In your reply, print every line of the listing exactly and omit all images.

Start of Dataset content

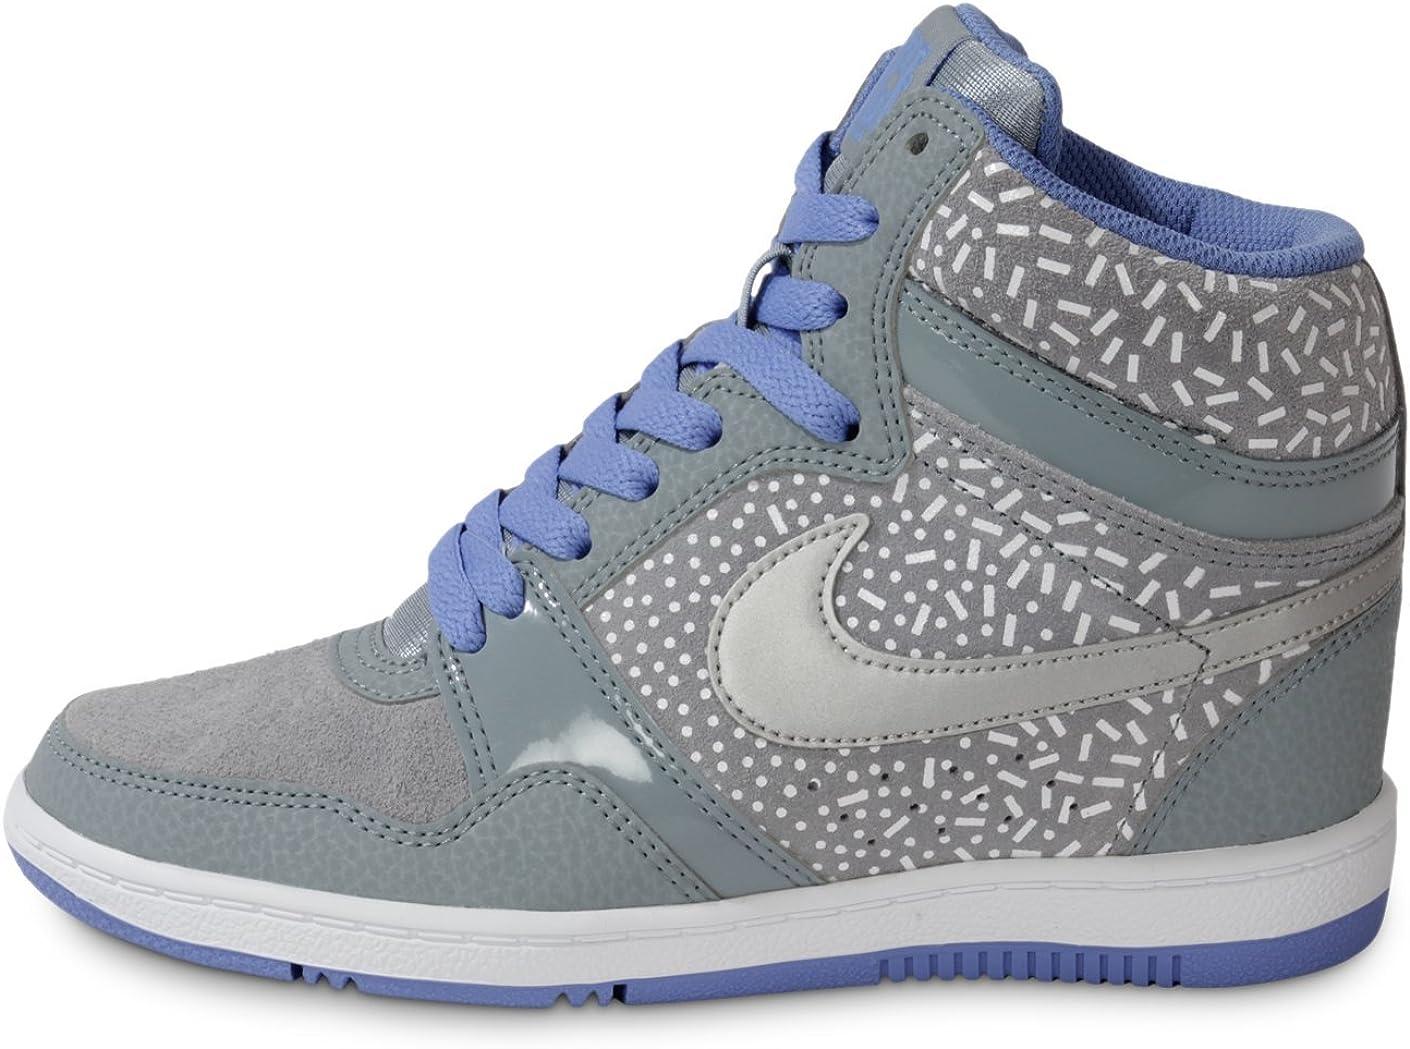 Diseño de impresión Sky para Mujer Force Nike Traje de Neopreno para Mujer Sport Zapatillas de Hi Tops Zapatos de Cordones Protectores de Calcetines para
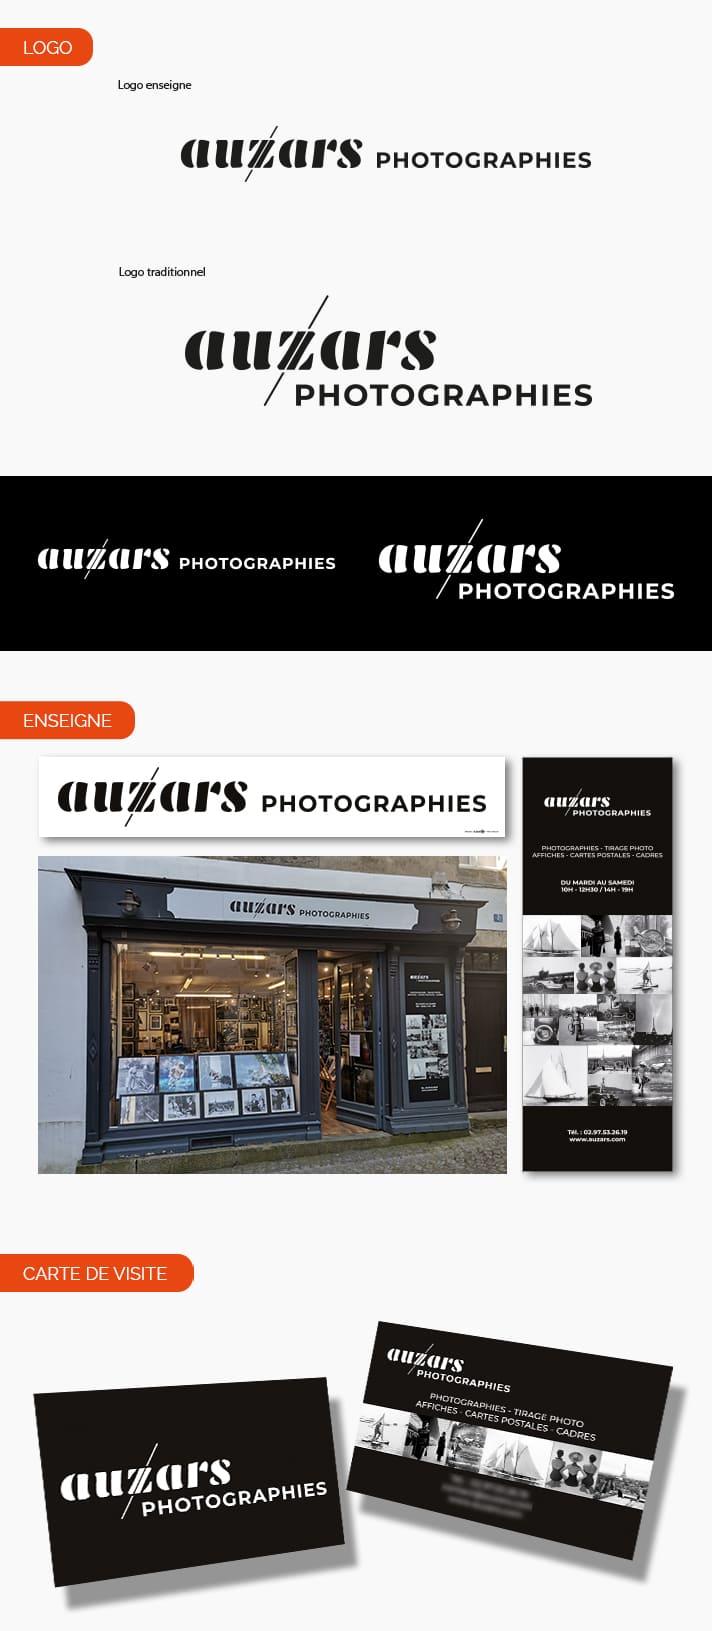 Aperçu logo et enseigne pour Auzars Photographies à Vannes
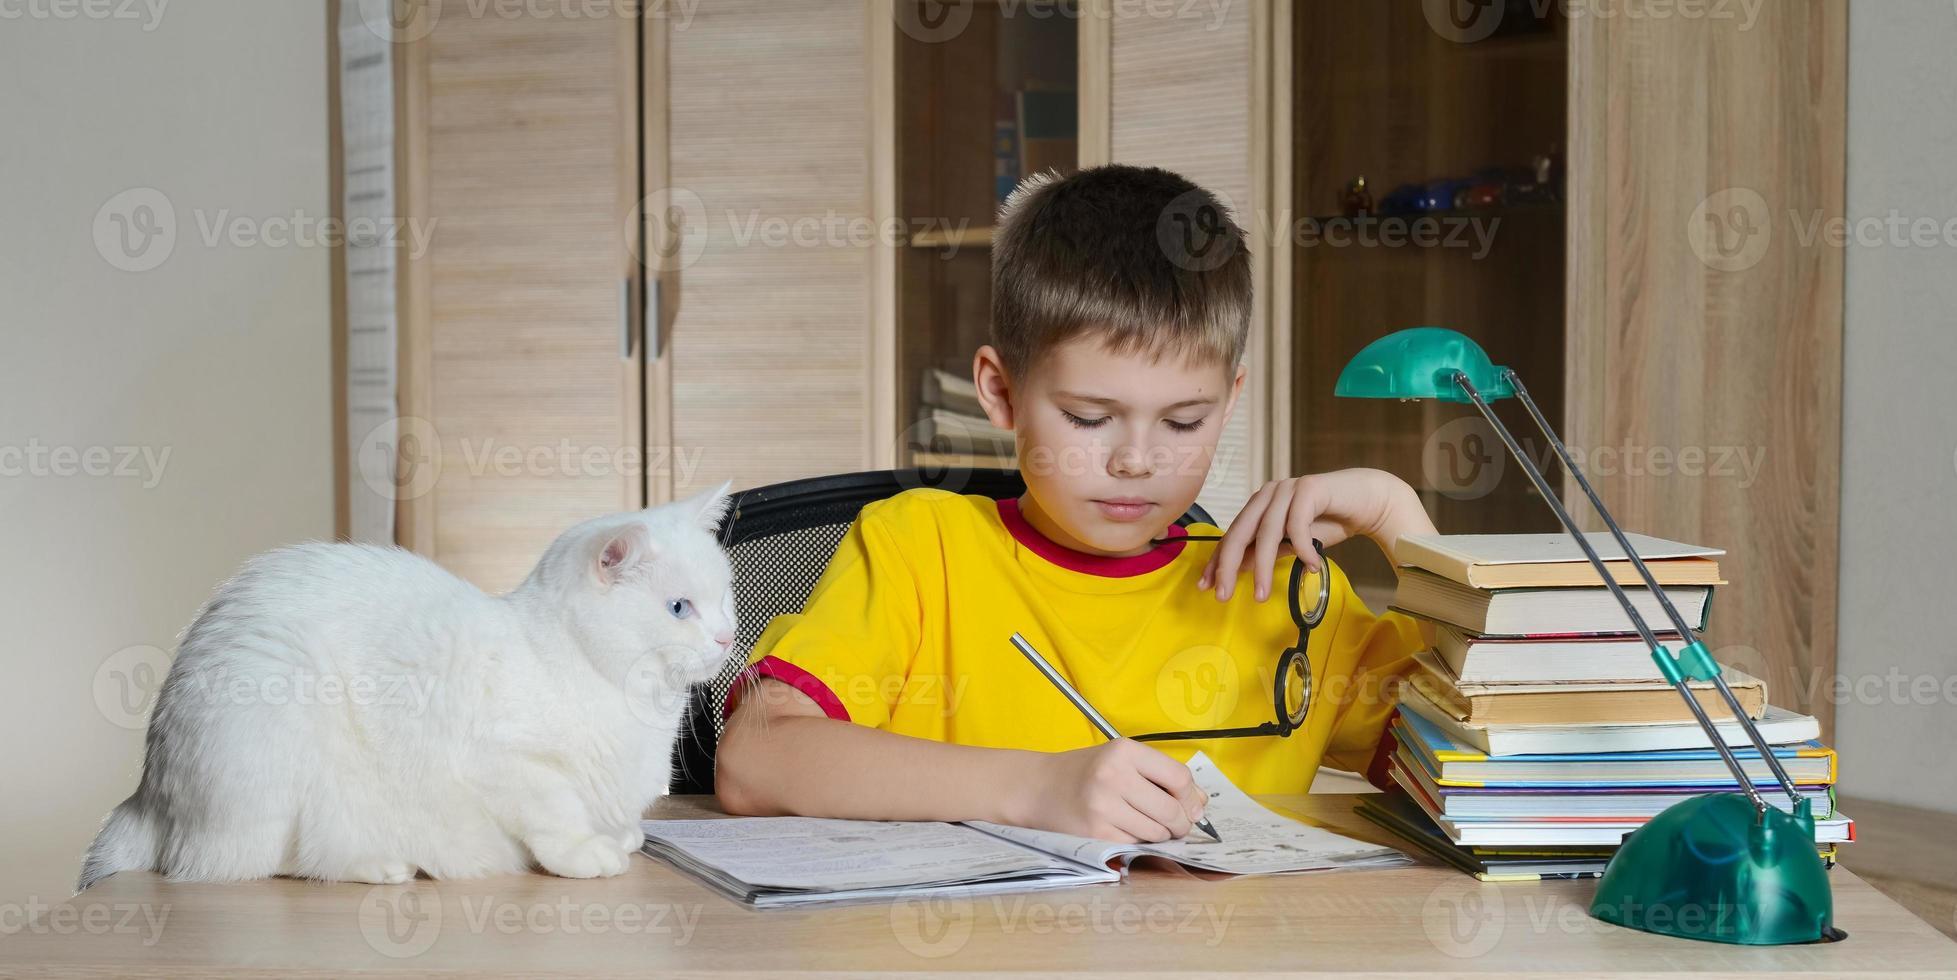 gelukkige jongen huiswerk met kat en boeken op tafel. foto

End of Dataset content

• _Written answer_
 Diseño de impresión Sky para Mujer Force Nike Traje de Neopreno para Mujer Sport Zapatillas de Hi Tops Zapatos de Cordones Protectores de Calcetines para
 Aperçu logo et enseigne pour Auzars Photographies à Vannes
 gelukkige jongen huiswerk met kat en boeken op tafel. foto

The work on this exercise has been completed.